Aided by his tight band and sexy backup singers, Sting poured out plenty of that world music-tinged light rock that fans of his earlier work love to mock, like the chanty 'Desert Rose'. He also spun out some of his earlier songs like 'If You Love Someone Set Them Free' and the Police's 'Synchronicity II', slowing some into a jazz reggae hybrid that stretched them into 10-minute mini sexy symphonies.
Even if you aren't a fan of the music itself, it'd be hard not to be a fan of the musician after seeing him live. The man glows... I mean he almost literally shines, with a confidence that would threaten to bleed into arrogance if he wasn't so dang good.

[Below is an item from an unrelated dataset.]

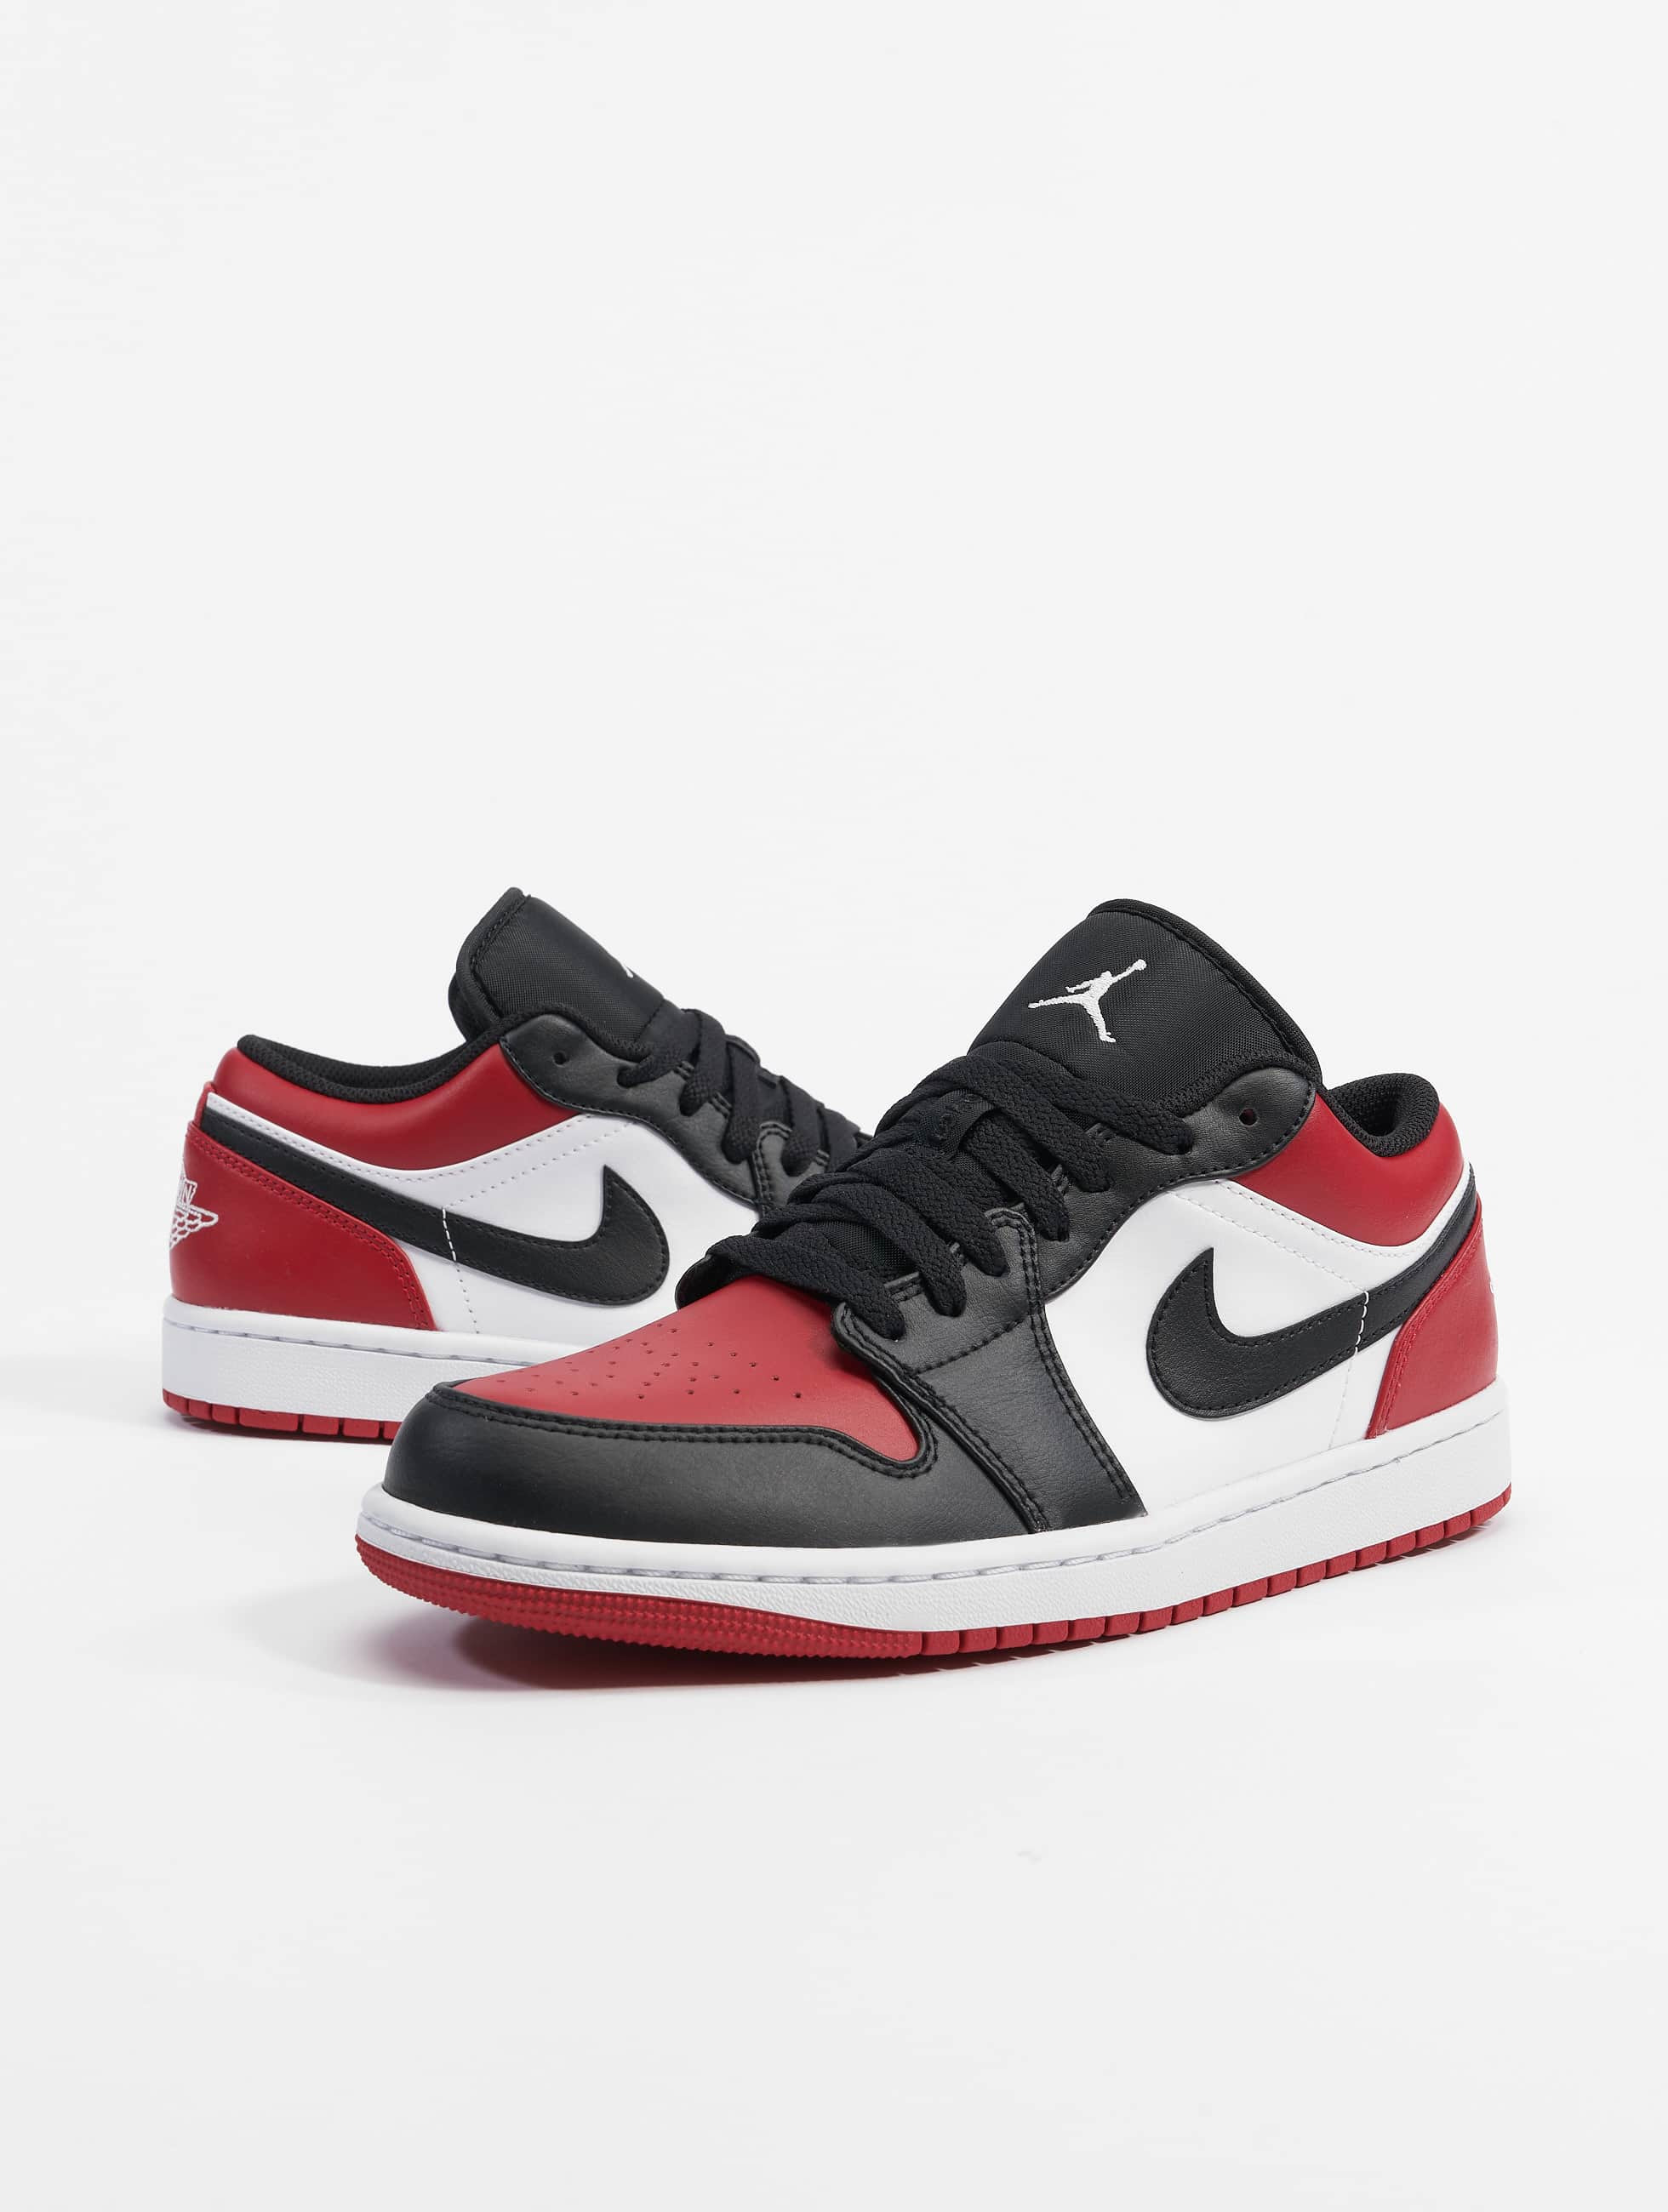 Reproduceren afstuderen Rimpels Jordan schoen / sneaker Air Jordan 1 Low in rood 898956
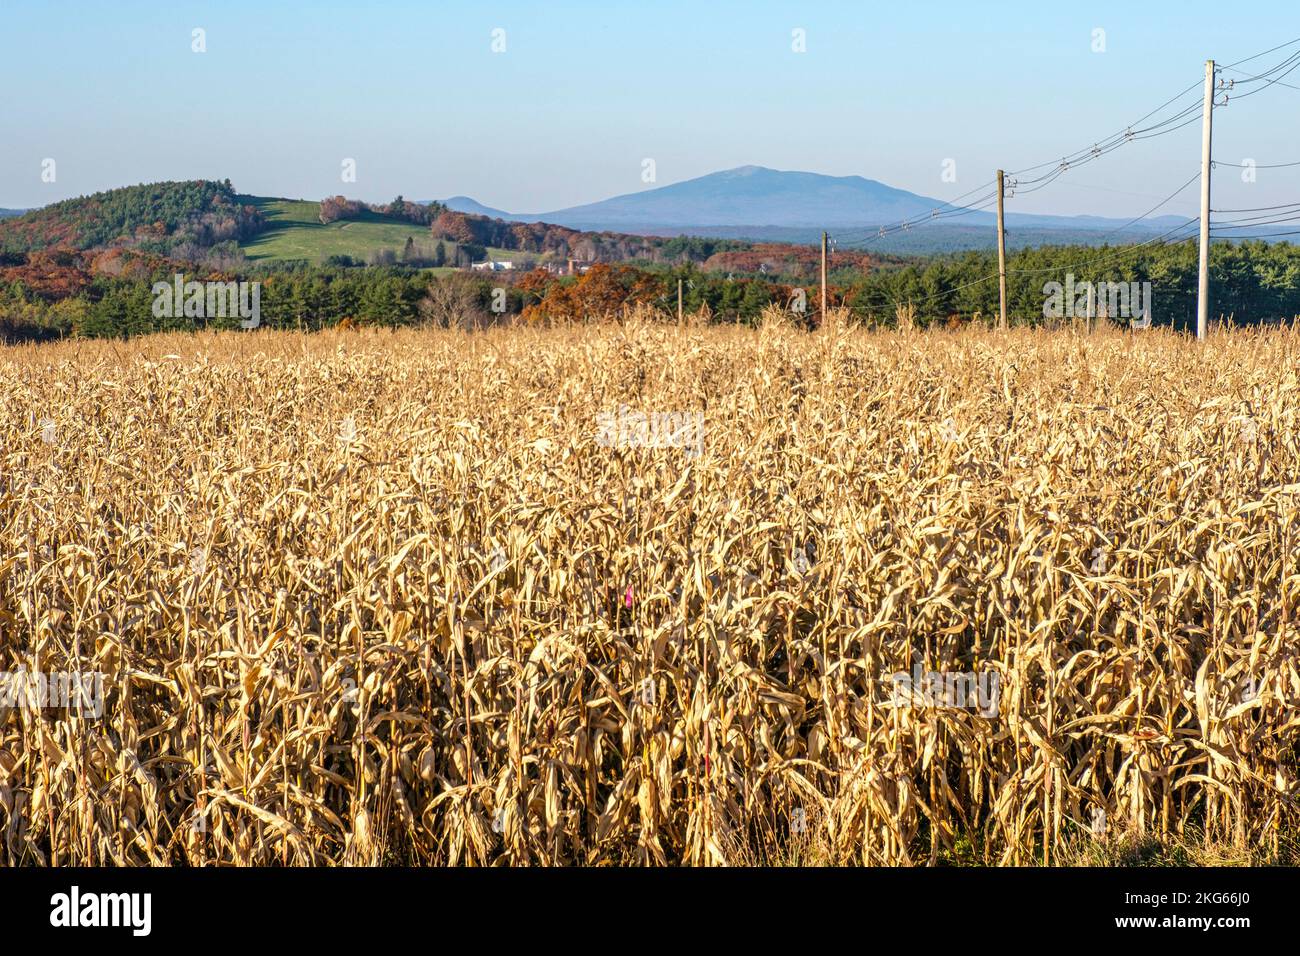 Blick auf den Monadnock von einem Feld auf dem Gipfel eines Hügels in Templeton, MA Stockfoto

He's an exemplary guitarist with a clear tenor made all the sexier by crisp enunciation and those piercing high notes he holds, and holds.
He's also a gorgeous, body-fatless and energetic 52-year-old ball of confident manliness, even in a natty blazer of a pin-striped dress over a pair of dress pants.
Just when it seemed that the glowering, spiky-haired rascal of the 'Synchronicity' era had permanently hung up his sneer, the former Gordon Sumner pulled a little something something out of his bag of tricks.
At the end of a blissfully slowed-down reggae romp through the Police classic 'Roxanne', Sting paused, and then ripped into the more traditional rocked-out, frenetically pounding original version, his back-up singers intoning the name of the song's hooker heroine as Sting closed his eyes, pleading for that woman not to put on the red light. For about 30 seconds, it was 1982 all over again. The moment was stunning, emotionally satisfying, and disappointing only because as good as it was, you knew it had to end.
And isn't that what a good make-out session should be?